FIG. 1 is a schematic view of a depth migration model according to the present invention;

FIG. 2 is a structural diagram of a CBAM according to the present invention;

FIG. 3 is a schematic diagram of a channel attention model according to the present invention;

FIG. 4 is a schematic diagram of a spatial attention model according to the present invention;

FIG. 5 is a schematic diagram of the SAR image recognition algorithm structure combining the attention mechanism and the migration model according to the present invention;

fig. 6 is a graph of the recognition rate versus the line of the SAR image under the influence of different degrees of noise.

Detailed Description

The accompanying drawings, which are included to provide a further understanding of the invention and are incorporated in and constitute a part of this specification, illustrate embodiments of the invention and together with the description serve to explain the principles of the invention.

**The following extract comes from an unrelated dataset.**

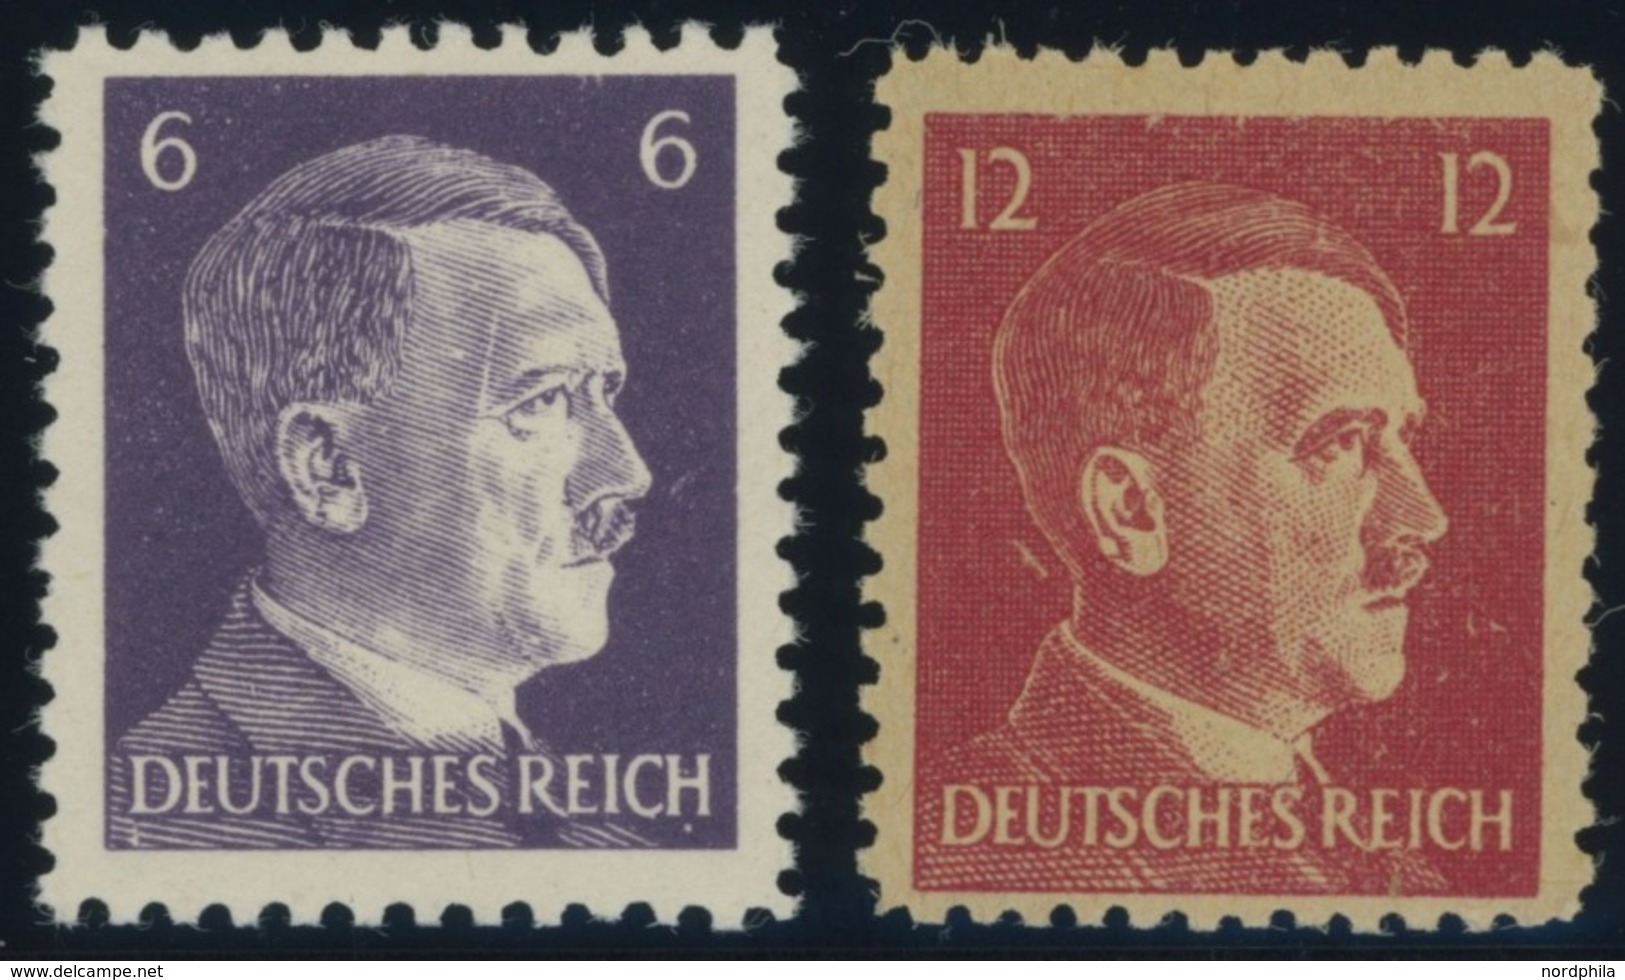 PROPAGANDAFÄLSCHUNGEN 15/6 **, Amerikanische Propagandamarken Für Deutschland: 6 Pf. Violett Und 12 Pf. Karmin Hitler, P - Occupation 1938-45

Referring to fig. 1-6, a preferred embodiment of the present invention, a method for target recognition of SAR images by combining transfer learning and attention mechanism, the method comprises the following steps:

s2, inputting the obtained convolution characteristic diagram into an attention mechanism for focusing to obtain a primary focusing characteristic diagram, wherein the attention mechanism is used for filtering out interest points from a large amount of digital image information, selectively screening out important information and focusing to further improve the performance;

s3, inputting the initial focusing feature map into the fine-tuned residual error network to obtain a weight feature map, wherein the residual error network is formed by utilizing a depth convolution network to complete an end-to-end target identification task and then combining a depth migration learning method, a weight model trained on a known data set by the residual error network is migrated into the SAR image identification work, the SAR image identification model training time is accelerated, and the identification efficiency is improved;

and S5, inputting the focused target identification feature map containing the weight into a subsequent convolutional layer for classification to obtain a target identification result.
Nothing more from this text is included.